Action item: Would you please copy all of the data exactly, skipping the images?

Segment Start: Data extract

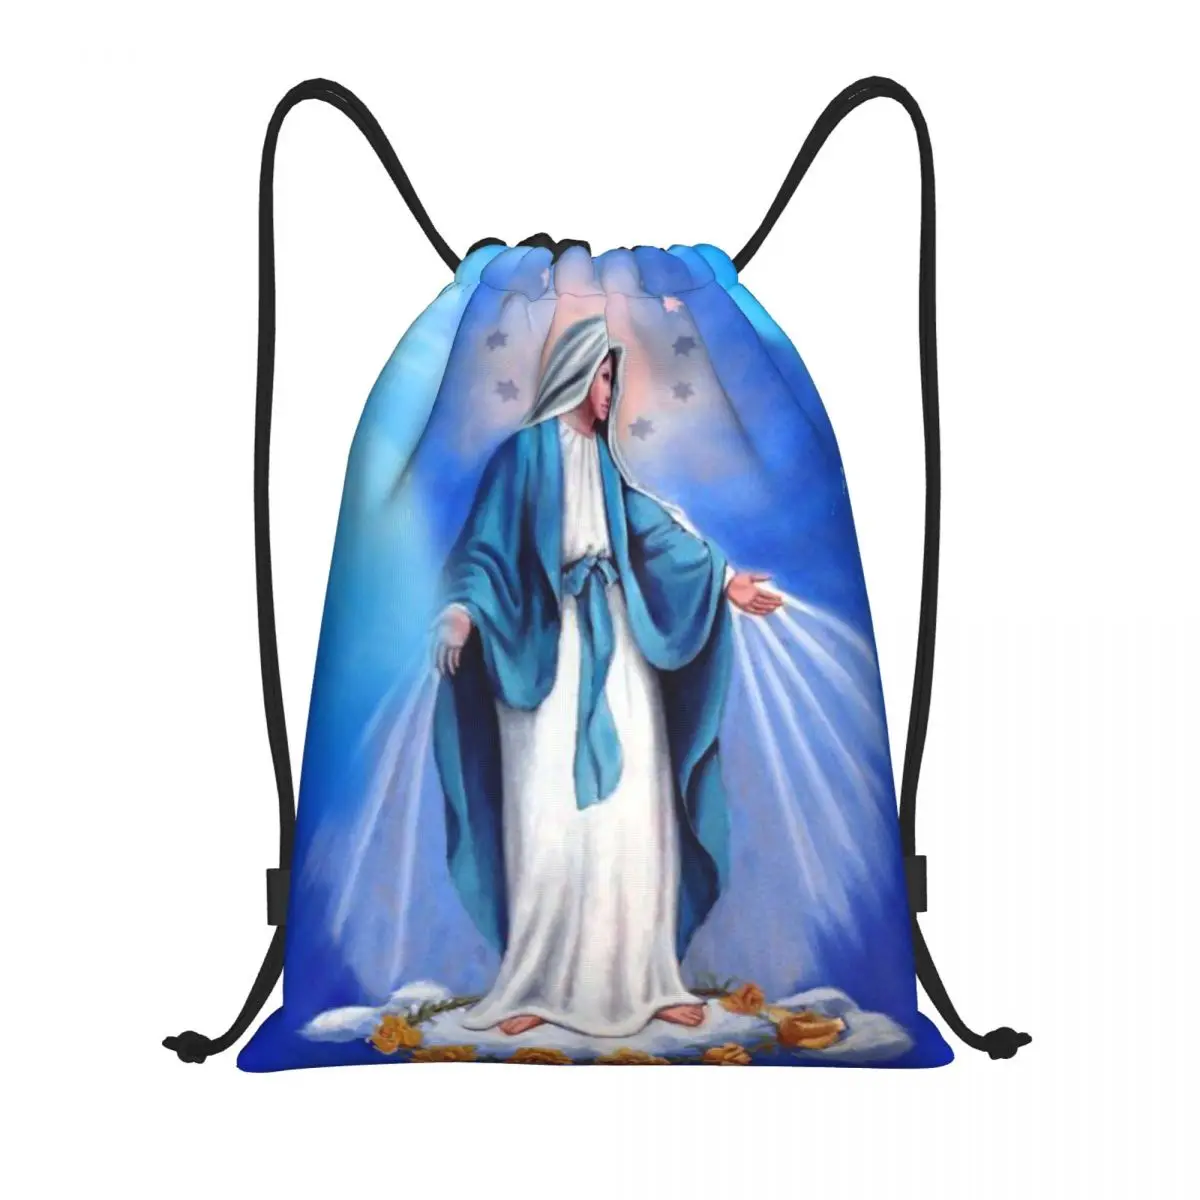 Catholic Virgin Mary Drawstring Backpack Women Men Gym Sport Sackpack Foldable Our Lady of Fatima Shopping Bag Sack
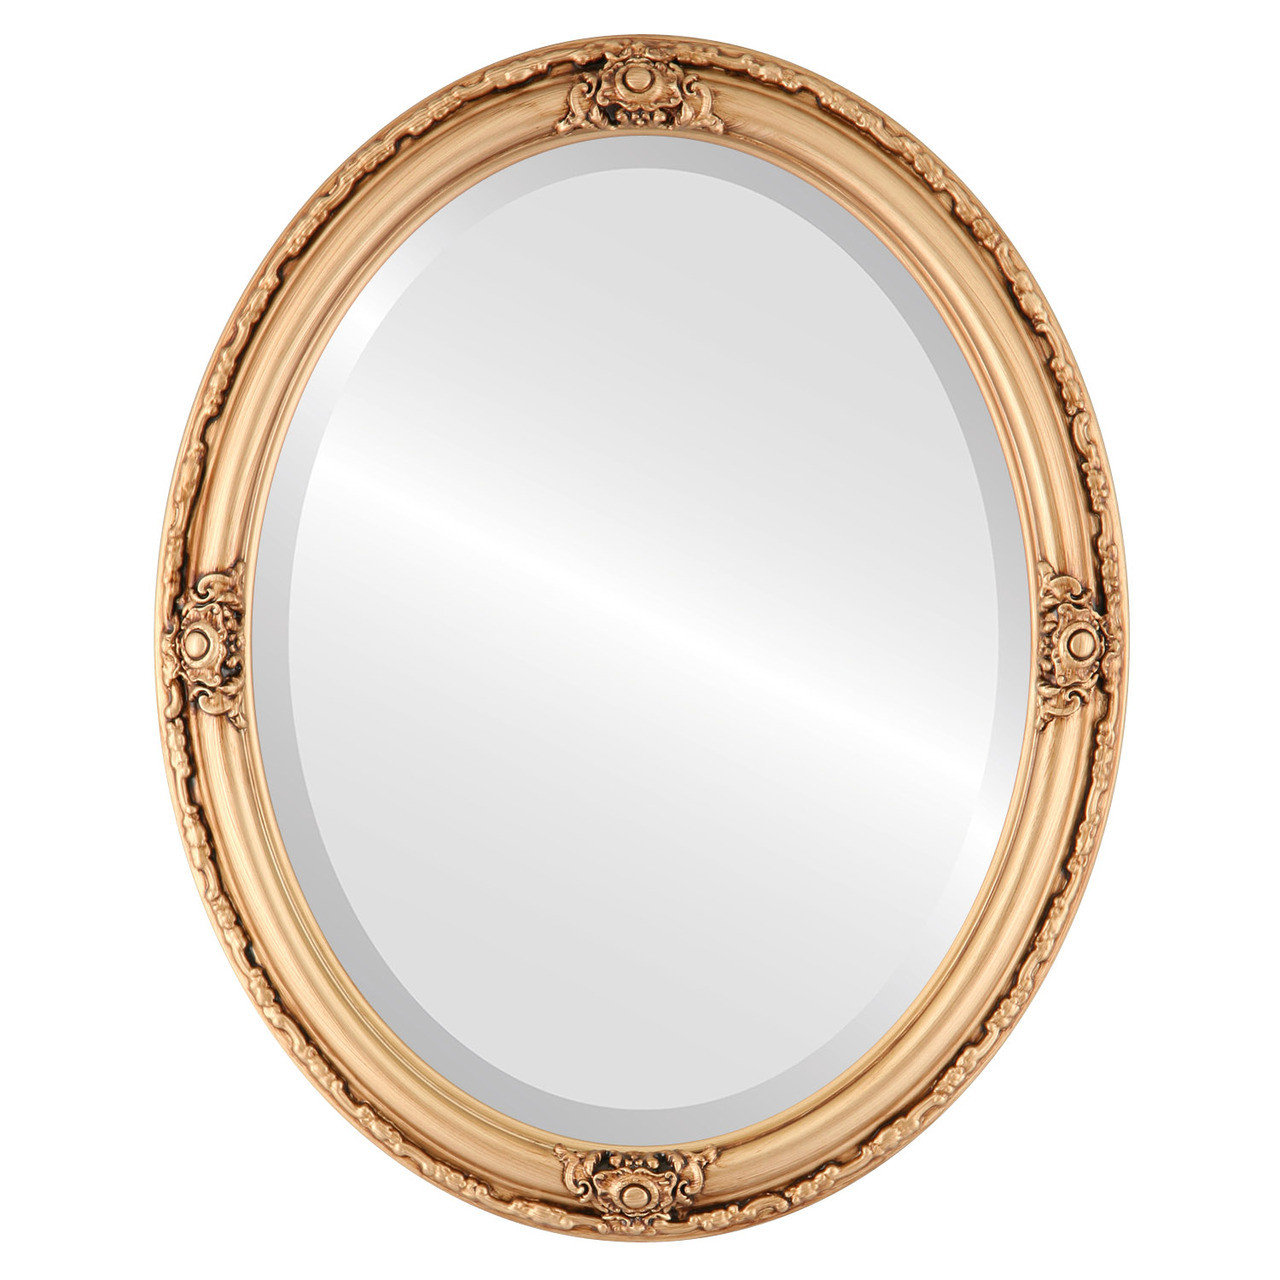 Jefferson Oval framed mirror Gold Paint |Victorian Frames
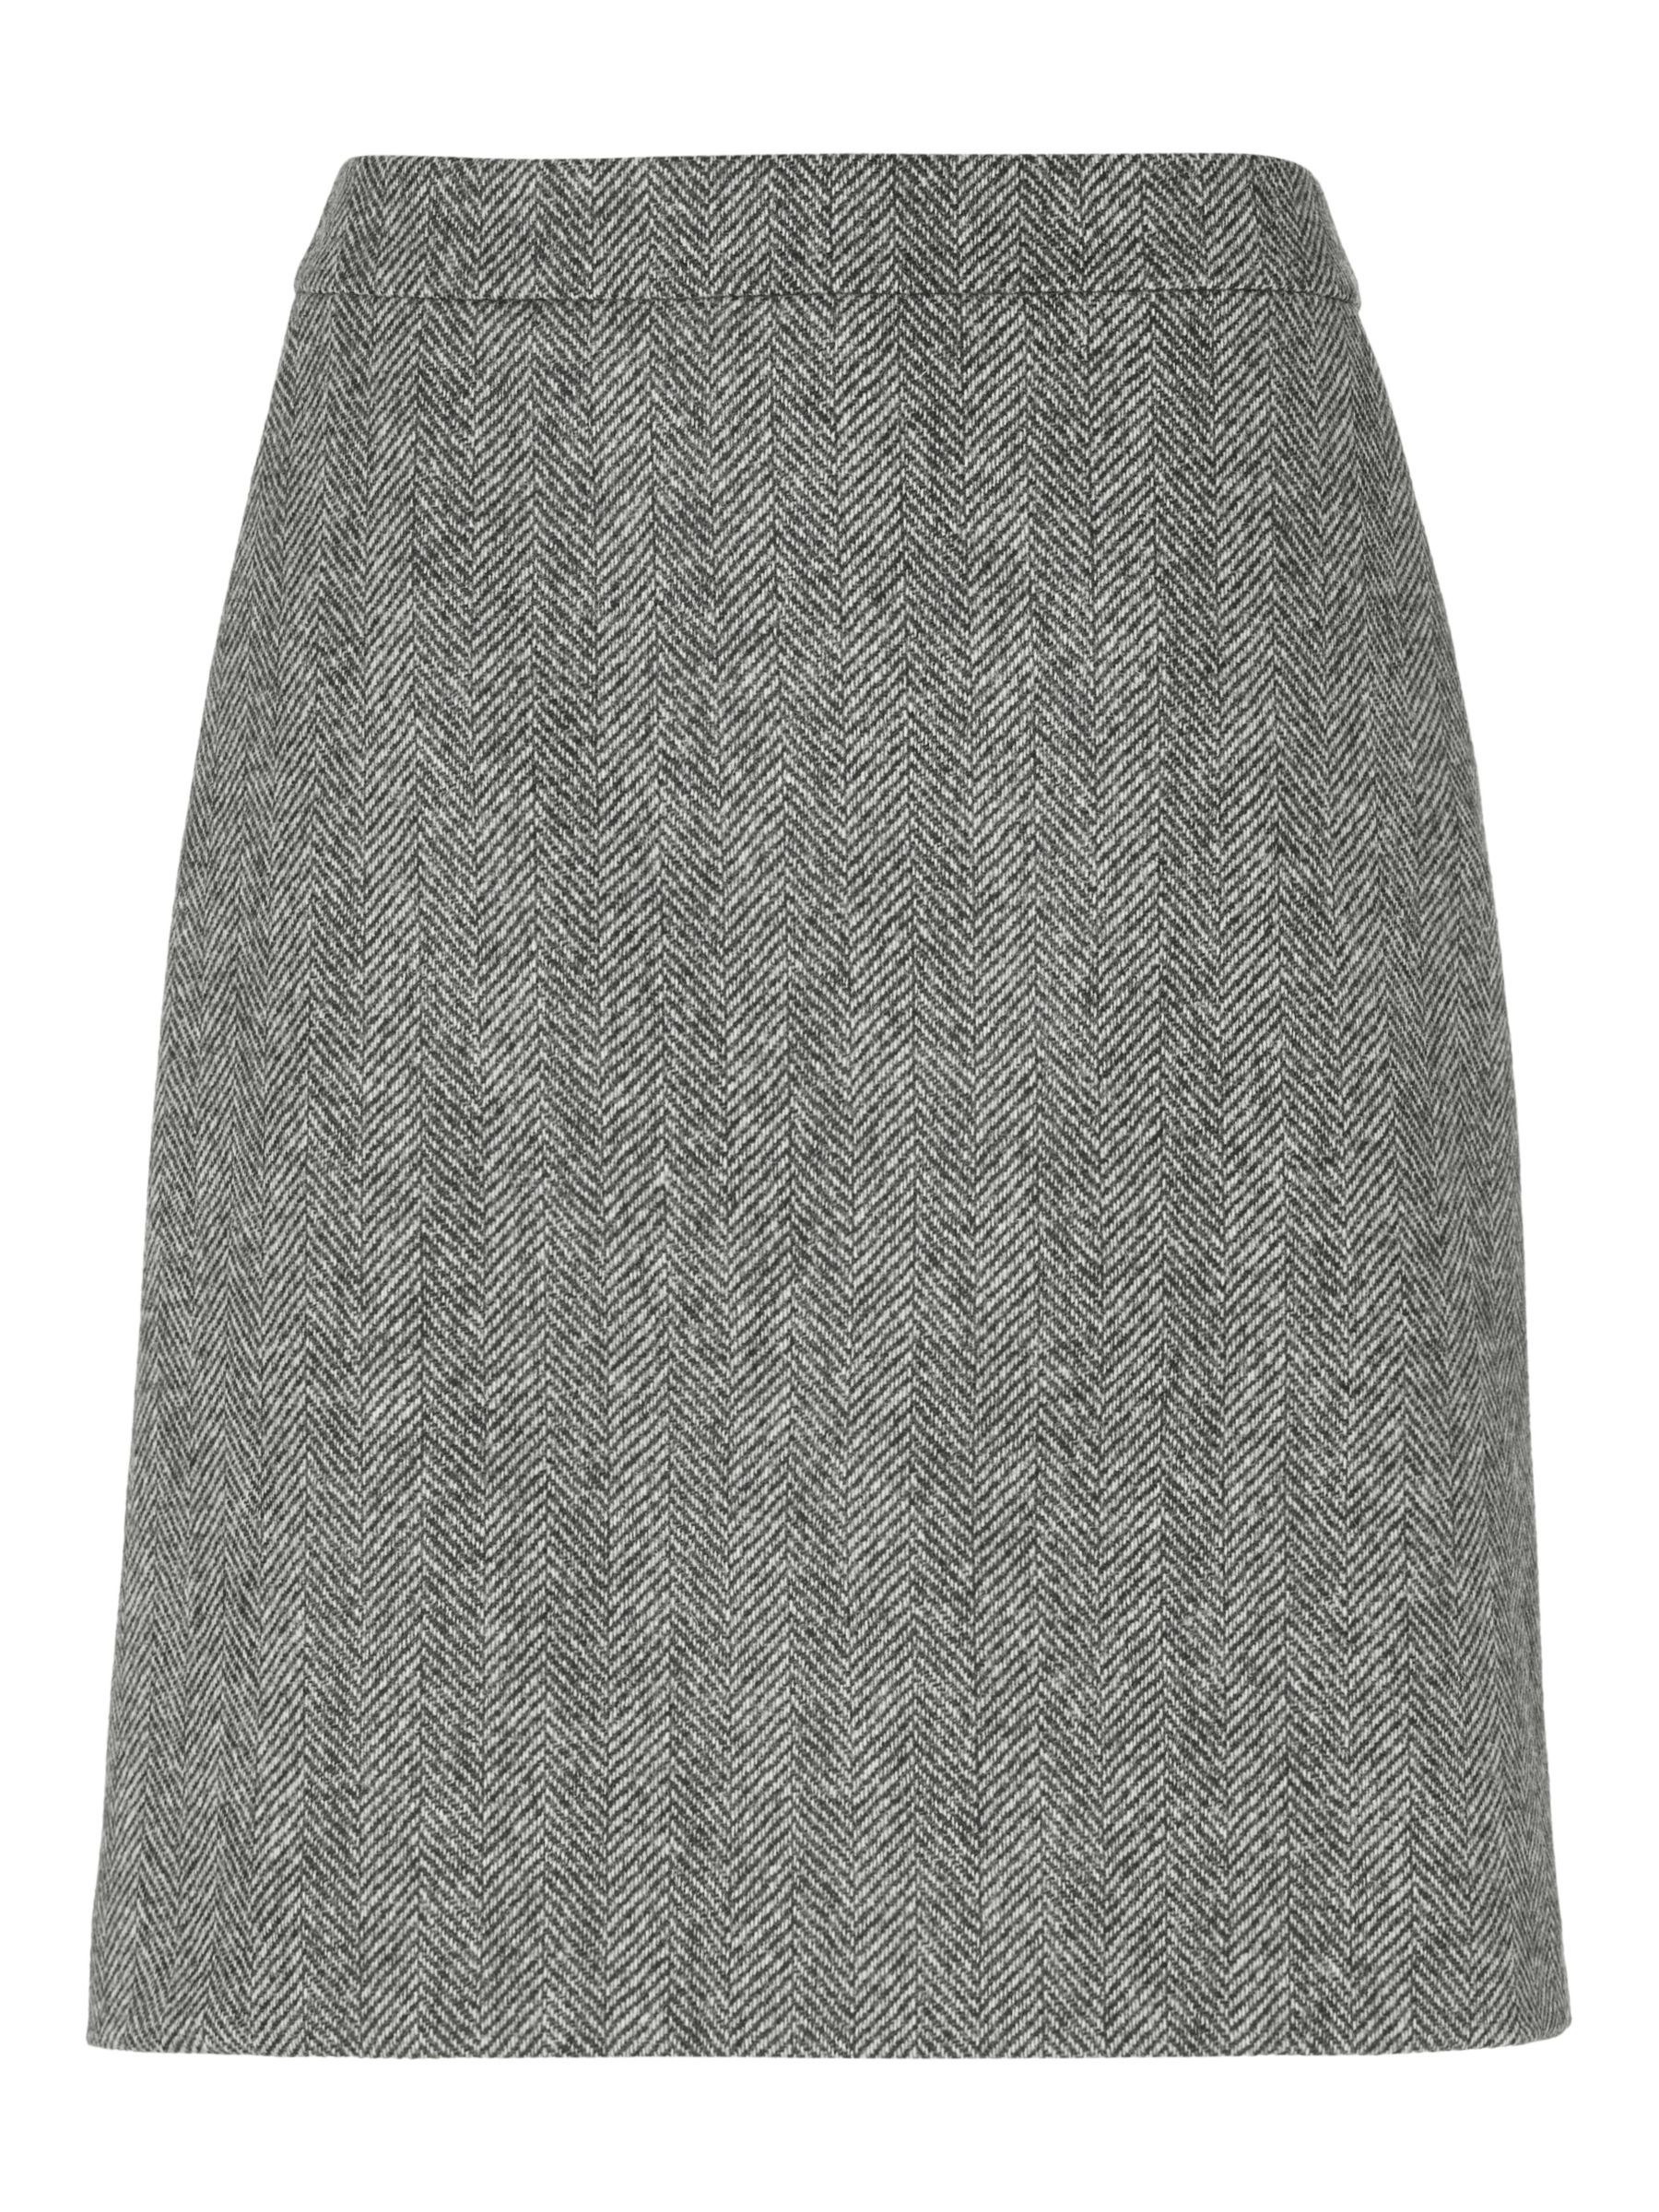 Boden British Tweed Skirt, Grey Herringbone, 8R

Segment End: Data extract

Task solution:
 Catholic Virgin Mary Drawstring Backpack Women Men Gym Sport Sackpack Foldable Our Lady of Fatima Shopping Bag Sack
 Jefferson Oval framed mirror Gold Paint |Victorian Frames
 Boden British Tweed Skirt, Grey Herringbone, 8R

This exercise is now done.